Research & Publications
Don't Predict the Future, Create It: Designing Cooperative Resilience in the AI Transition
As artificial intelligence accelerates the automation of both physical and knowledge work, cooperatives face a distinct challenge: how do you prepare a democratically governed organization for technological disruption without sacrificing the worker sovereignty that makes it worth preserving? In collaboration with ASETT and Mondragon University, we conducted research examining how Mondragon's cooperative network can maintain resilience through the AI transition. Rather than speculating outward about what AI will become, we propose using the future as a mirror — looking inward at how cooperative institutions want to change, or not, across a range of possible economic scenarios. Drawing on Mondragon's history of adapting through past waves of automation, we identified how its governance structures are likely to respond to near-future AI use cases, and where those structures may need reinforcement.
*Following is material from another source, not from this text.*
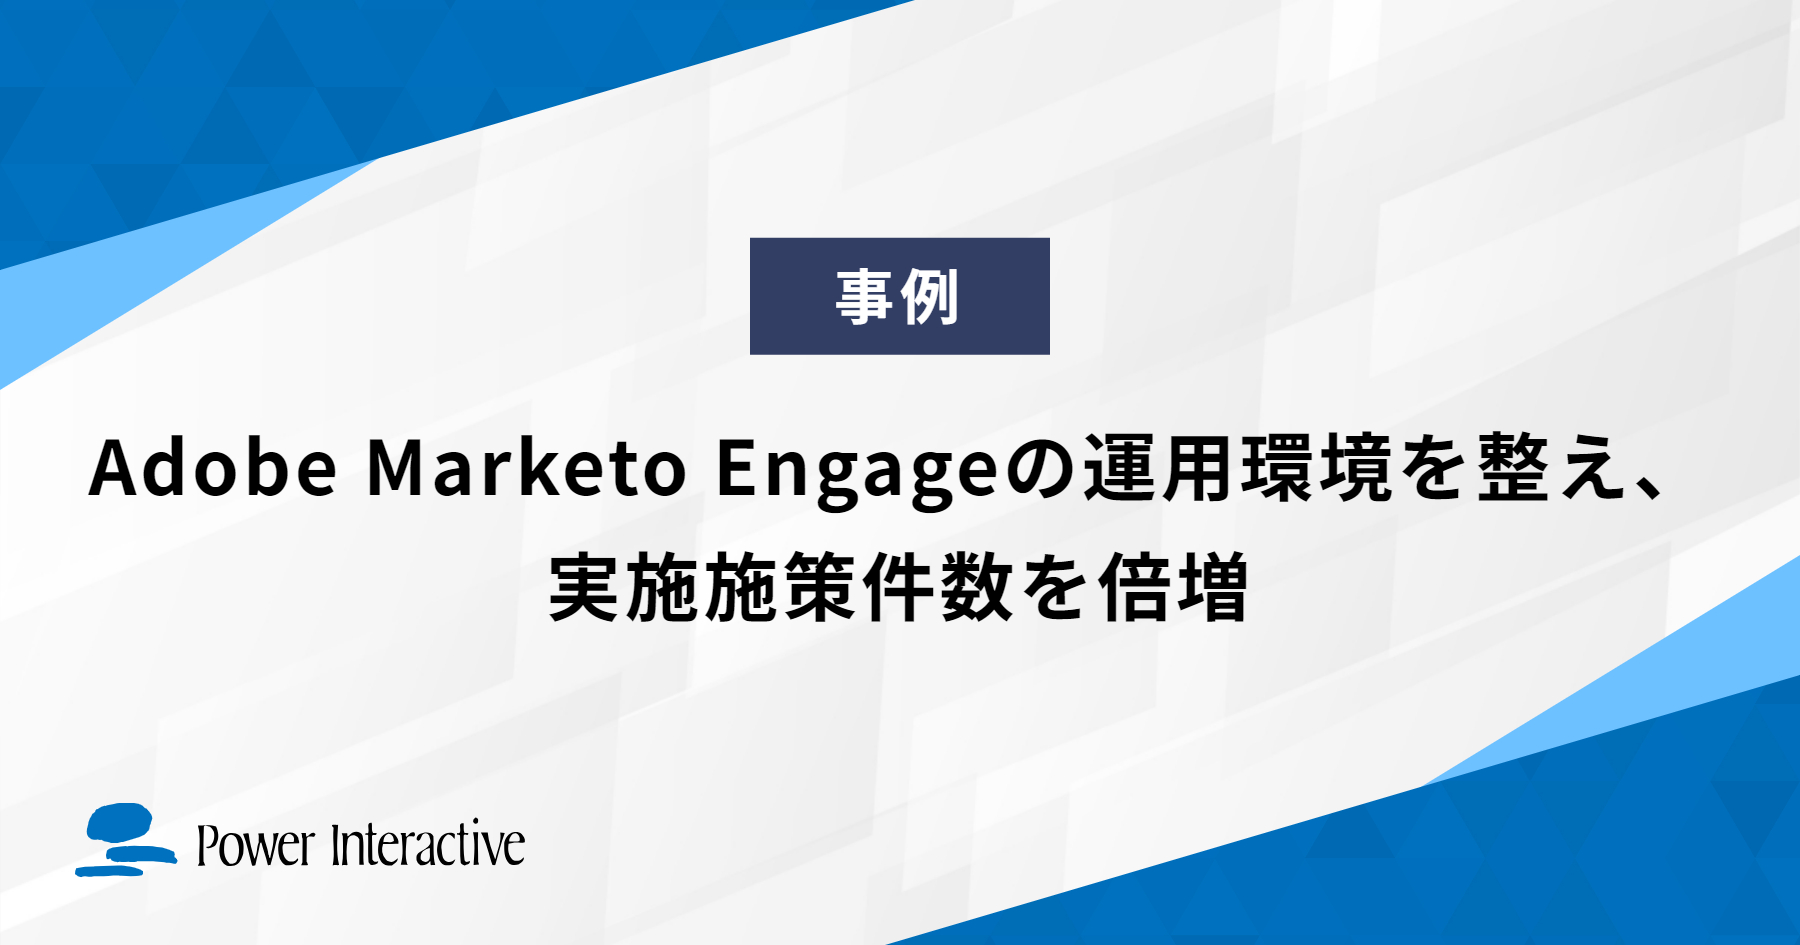 Adobe Marketo Engageの運用環境を整え、実施施策件数を倍増

Through workshops with cooperative members using speculative design scenarios — from AI-assisted governance to fully automated production — we found that the central challenge is not the technology itself, but the speed at which it arrives, and whether cooperative institutions can act proactively before that speed erodes the democratic foundations underneath them.
Designing for Proactive Accountability: Lessons on Governing Technology from Detroit’s Food Sovereignty Movement
Technology is often built in ways that leave the communities most affected by it with little say over how it works or who benefits. In this work, we engaged with Detroit's food sovereignty movement to study how communities historically marginalized by technology think about accountability and governance. Through a series of speculative design workshops, participants drew on their own experiences with community-owned cooperatives — what they described as "ancestral technologies" — as models for redistributing power. A consistent theme emerged: new technologies would predictably harm their communities because profit would be prioritized over justice, and the usual response — reacting after the damage is done — was not enough. From these insights, we developed the Designing for Proactive Accountability (D4PA) framework, which reconceives governance not as a last-minute ethical check, but as a foundational material of the design process itself. D4PA offers concrete principles for HCI researchers and designers who want accountability to be community-led, formally enforced, and continuously maintained from the very start.
Taxonomizing and Measuring Represenational Harms: A Look at Image Tagging
In this work, we examine computational approaches for measuring the "fairness" of image tagging systems, finding that they cluster into five distinct groups, each with their own analytic foundations. We further identify a diverse range of normative concerns that are often collapsed under the terms "unfairness," "bias," or even "discrimination" when discussing problematic cases of image tagging. In particular, we offer a four-part taxonomy of the harms that may be caused by image tagging systems, offering concrete examples of each. We then consider how different computational measurement approaches map to each of these harms. In so doing, we demonstrate that a wide range of approaches can help measure a wide range of harms. Our findings also highlight that no single measurement approach will provide a definitive result, nor will it be possible to infer from the chosen approach which harm researchers are actually seeking to measure. Lastly, equipped with a more granular understanding of the harms that may be cause by image tagging systems, we show that attempts to mitigate some of these harms may be in tension with one another.
Shape the Vote
Our goal is to provide alternative tools to discuss election forecasting whereby voters are instead reminded and empowered to play their part in democracy.
Detect suspicious IP addresses with the Amazon SageMaker IP Insights algorithm
IP Insights is an unsupervised learning algorithm for detecting anomalous behavior and usage patterns of IP addresses. IP Insights is natively integrated into the Amazon SageMaker platform. Therefore, all you need is to put your data in S3 and you can spin up fully distributed training cluster to train an IP Insights model and then deploy with one-click to an EC2 instance for real-time inference.
DeepSurv: Personalized Treatment Recommender System Using A Cox Proportional Hazards Deep Neural Network
Researched the application of deep neural networks to survival analysis and demonstrated a deep neural network’s ability to predict the risk of an event occurring (i.e. death of a patient). Demonstrated state-of-the-art performance in predicting a patient’s risk of death and providing them with a personalized treatment recommendation. Released an open-source Python package with a Docker framework to increase the reproducibility of experiments.
#transneeds
Ran a social-media listening campaign to gather data on trans health issues. Analyzed over 12,000 responses and presented findings as policy recommendations to the U.S. Federal Government.